Joe Posnanski explains, in a column published before last Sunday’s return of the prodigal son who was run out of town, why Peyton Manning means so much to Indianapolis. In the time of darkness a local sports columnist describes as “BM – Before Manning,” the Colts were so bad that Posnanski writes, “You could call ‘worst team in football’ their natural state.” Worse than that, the team was spiritually irrelevant to Indy – people in town still called them the Baltimore Colts. But then dawn broke on the time known as “AM – After Manning,” and kids in schoolyards were gesturing and screaming like their pleasingly dorkish quarterback, and he was racking up big numbers and playoff berths even while yukking it up on Saturday Night Live. Manning did that enduring, almost mythical, thing singular players do for young franchises without much else to hang their hat on – and that’s why Jim Irsay was so far off the mark with the cheap shot he may or may not have made in the week before the game, Posnanski argues. “The truth is that Manning gave Indianapolis something more than the Super Bowl ring. He gave Indianapolis a football identity,” he writes.

Phil Mushnick wears the dunce cap (again) for a pair of columns that are so “Hey you kids, get off my lawn!” ridiculous, they tip into the sublime. He opens the first with, “Sometimes it’s hard to believe I’m actually writing what I’m writing,” which is just an excellent sign. What follows is a 1,000-word, free-form gripe-fest on all of the following and more: Baseball box scores are too small to see now on TV; commentators make up fancy and meaningless terms for football plays; baseball announcers don’t know their history; Magic Johnson sucks on TV; and, President Obama really ought to speak to Jay-Z about what he “very publicly and commercially calls black men and young women.”

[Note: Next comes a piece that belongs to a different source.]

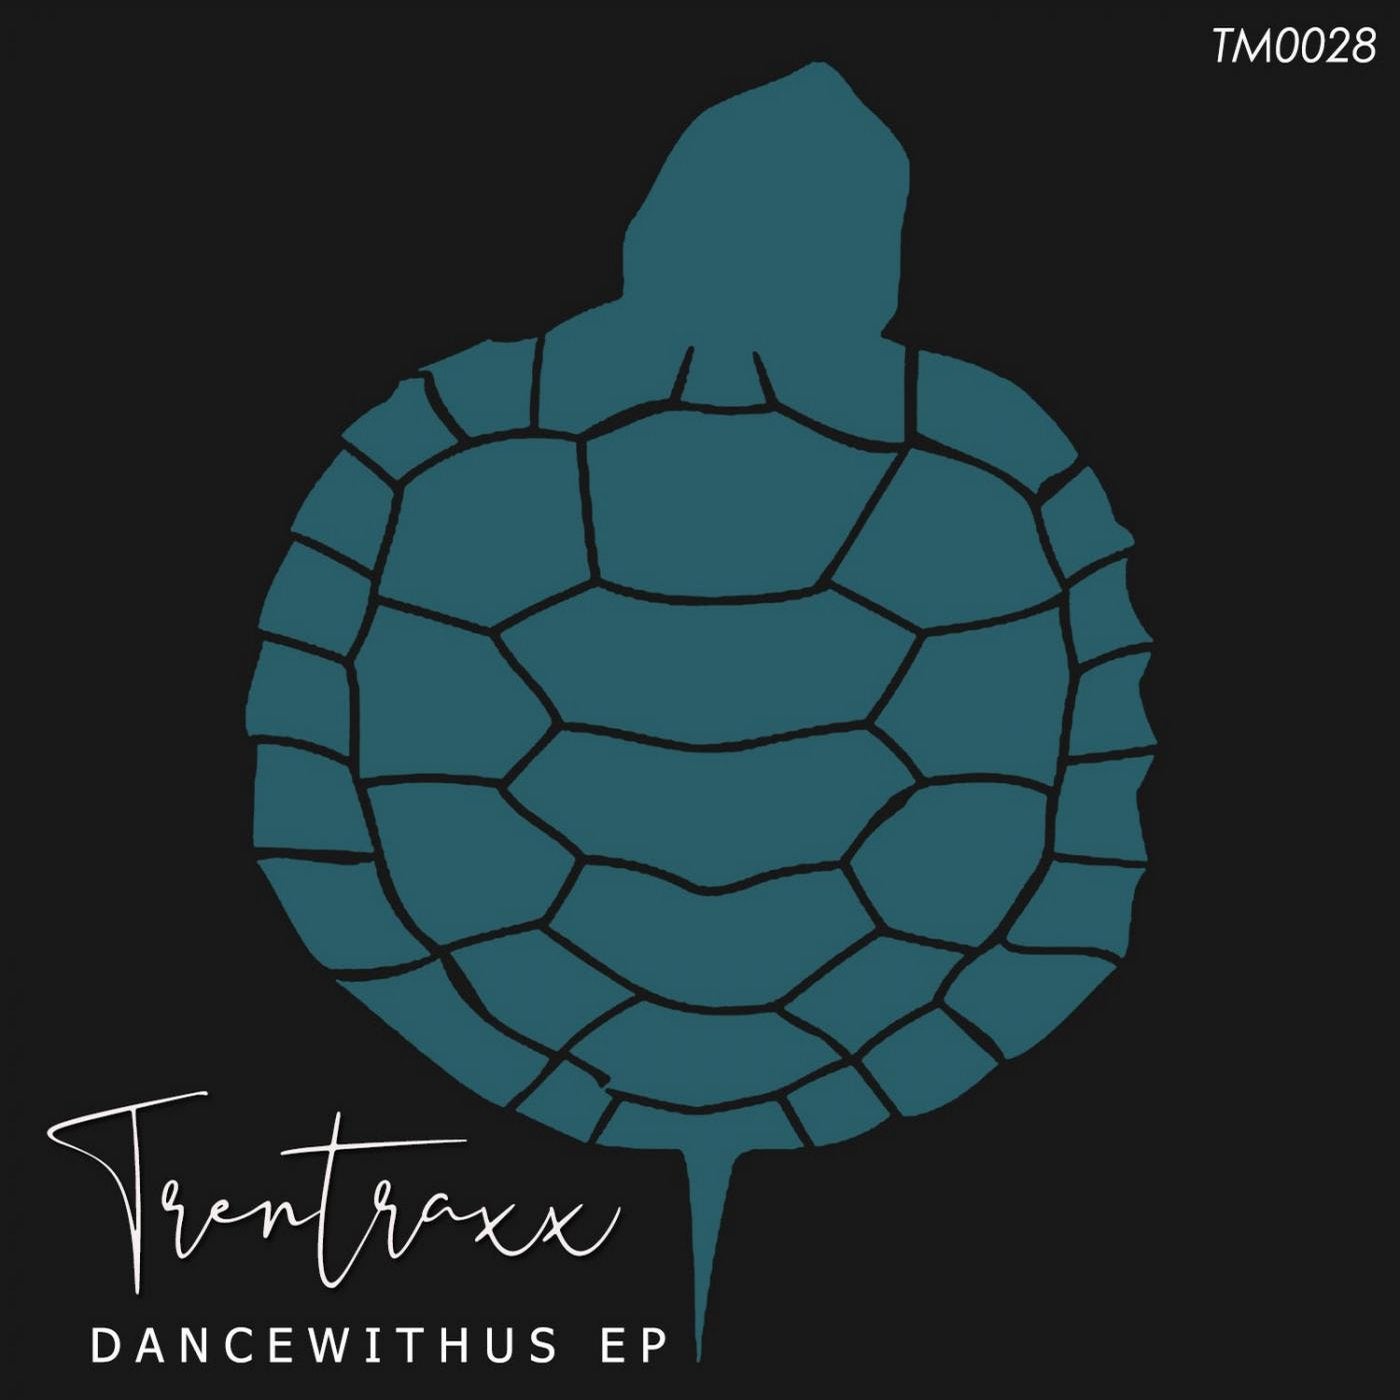 DanceWithus EP

In the second column, Mushnick grumps about The History Channel abandoning its dusty, leather-bound mandate in favour of fare like American Daredevils, a smash-em-up extravaganza of redneckery. It’s obvious how tragically misguided Mushnick is when he sneers about cretins who think of “anyone being hit in the crotch by anything as funny.” Everyone knows that’s the highest form of comedy—remember this guy? (http://www.youtube.com/watch?v=f-wHhADhiaQ) As for griping about TV channels descending into the brain-rotting stupidity, nobody tell Mushnick that the only thing you can pick up on The Learning Channel these days is how to profit from your sequin-encrusted toddler’s misery – he will lose it.